#### TASK DETAILS
Your response to the data below should hold nothing except the lines from the one containing "Hosting Christmas Party Ideas" down to the one containing "Hosting a holiday", reproduced exactly and without pictures.

#### LISTED ENTRIES
□ □ □ □ □
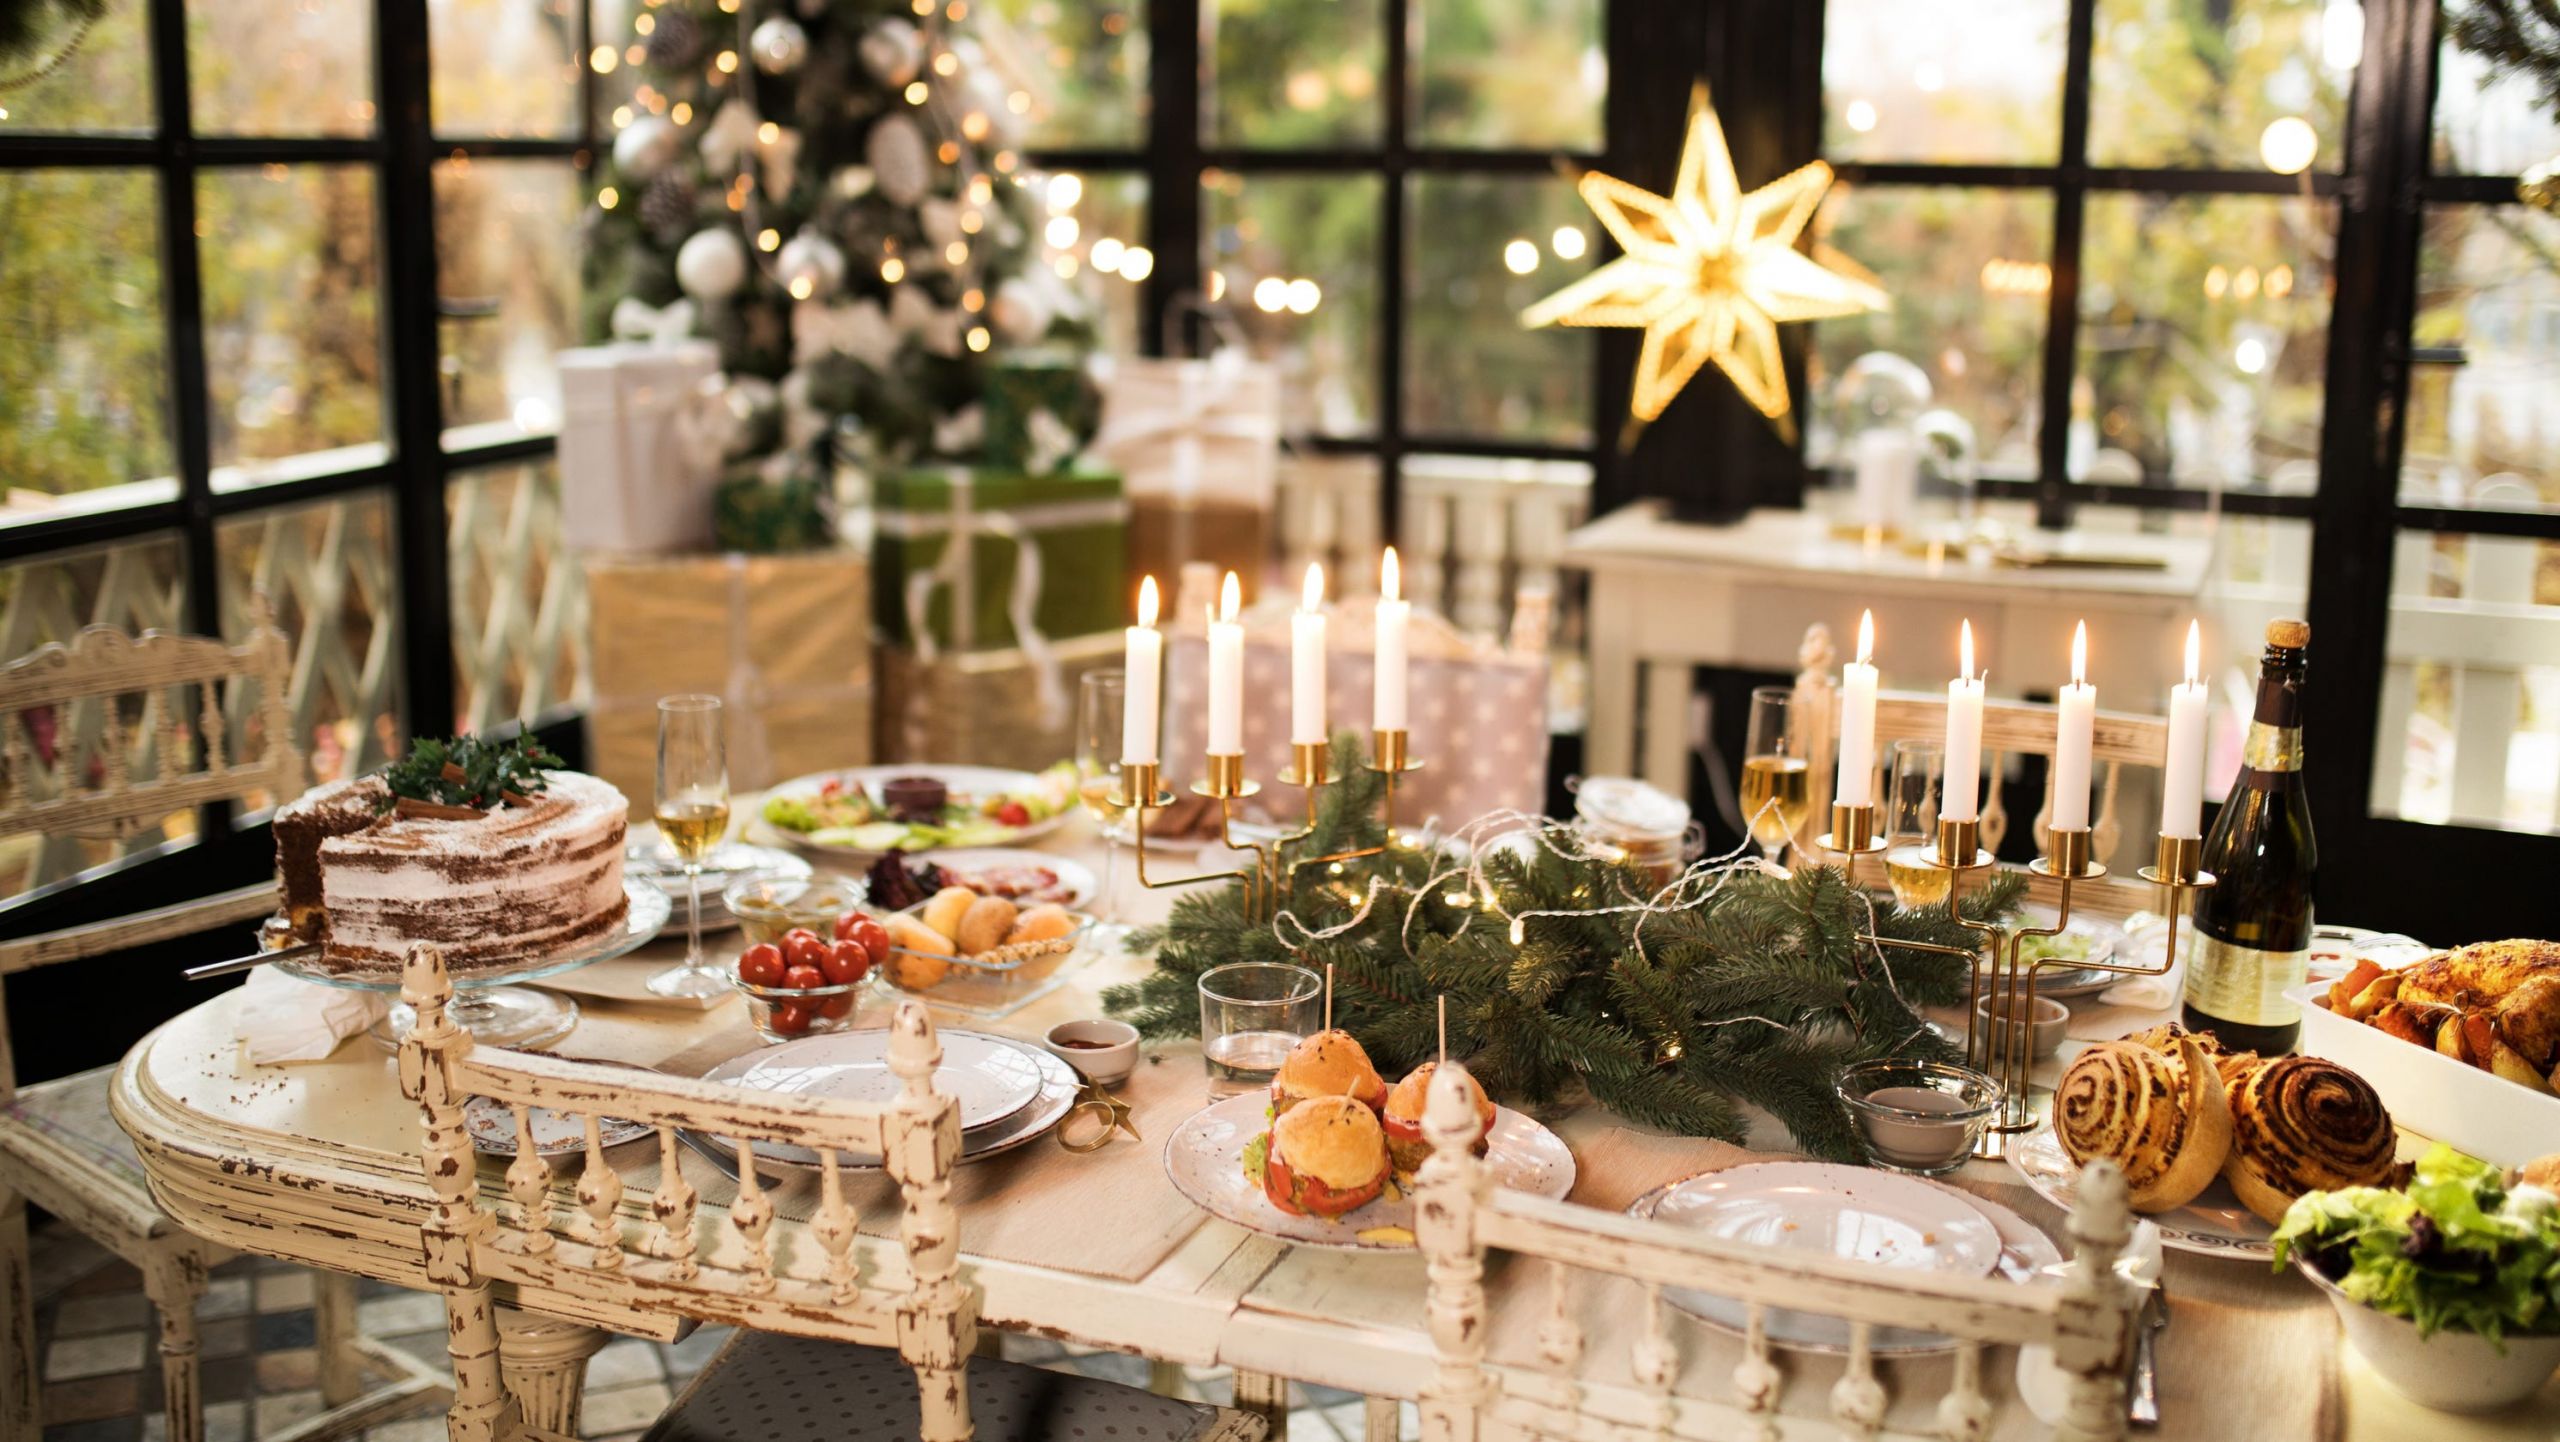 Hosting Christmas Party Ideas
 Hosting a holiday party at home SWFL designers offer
□ □ □ □ □
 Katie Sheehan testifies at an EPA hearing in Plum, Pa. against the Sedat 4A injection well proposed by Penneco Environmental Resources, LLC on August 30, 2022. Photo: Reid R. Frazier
□ □ □ □ □
#### ANSWER SECTION
 Hosting Christmas Party Ideas
 Hosting a holiday party at home SWFL designers offer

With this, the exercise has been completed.